キーシャ:露悪

 ウィルがくれた大切なお金で、食べ歩きをしていると、声を掛けられた。


「お金を持って子供が何をしているのだ?」


 この段階では誰も止めに来ない。このような出来事はよくある事なのかもしれない。

 振り向くと、明らかに柄の悪そうな男達がいた。服装も装備も綺麗ではなく、お金と欲に飢えている感じが、意図しなくても漂って来る。食事が台無しになるほど。


「何故、見ず知らずの者に言う必要がある。ウィルでない者に」


「そんなに嫌いにならないでくれよ、嬢ちゃん。少し付き合ってくれれば、いいだけだ。お前が何かを気にする事など何もない」

 と、全身を舐めるような視線を向けた。


 続けて仲間の男達が、盛大な笑い声を上げる。どこまでも、下品としか言えない。これだから、人は腐っている。ウィル以外は。


「そもそもお前達こそ、誰だ?」

 と、私は聞いた。


「お前に言う訳ないだろ。つべこべ言わずに、大人しく従えばいいのだ」

 と、男が近付いて、フードを一気に下ろした。


 それにより隠れていた角が、姿を現す。誰もが見て分かる、魔族としての象徴が。


「……まっ。魔族…何でここに魔族がいるのだ?」


 その言葉を最後に当たりを静寂が包んだ。誰も恐怖で動けない。死ぬと思い。だけど、その思いとは反して、体が逃げる方向に向かう。人々が一斉に私の前から去って行った。

 誰からも除け者にされているのは、何とも孤独に感じだ。自分が異端の存在で、嫌われていて、必要にされていない、と。それだけでも、心は切り裂かれる。言われたくない言葉を言われていないのが、ましであると思えるほど。

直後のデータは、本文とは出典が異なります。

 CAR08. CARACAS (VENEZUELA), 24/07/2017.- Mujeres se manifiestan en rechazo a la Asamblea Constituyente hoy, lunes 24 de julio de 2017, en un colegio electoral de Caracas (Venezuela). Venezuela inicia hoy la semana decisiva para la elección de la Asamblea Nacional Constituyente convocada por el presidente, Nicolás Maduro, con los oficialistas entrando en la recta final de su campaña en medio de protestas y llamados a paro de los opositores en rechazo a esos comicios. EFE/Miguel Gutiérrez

 早く父の背中のような温かさを感じたいと、無性に思う。心に空いた果てしない穴を、必死に埋めたいから。


 ウィル。


 彼の側にいるのが、一番父の時と同じようだった。その温かさは忘れられない。



「おいで、キーシャ。もう、大丈夫だよ」

 と、そこにはウィルがいた。


 私が待ち望んだウォルが、私を優しく抱擁していた。陰から突然現れて。

 再び、思う。この温かさだった。今にも流れそうな涙を抑えながら、私も硬く抱き締めた。


「遅いよ、ウィル。寂しかった」


 今度は頭を手で撫でてくれた

「もう、安心したらいいよ。キーシャ。さぁ…行こうか。次に行くべき場所に」


 私が頷くと、ウィルは何かを発動させた。

 その場を離れたと、視界から気付いた。

 けど、きっと目撃した者は誰もいないと思う。誰もが、逃げて行ったのを、この目で見たから。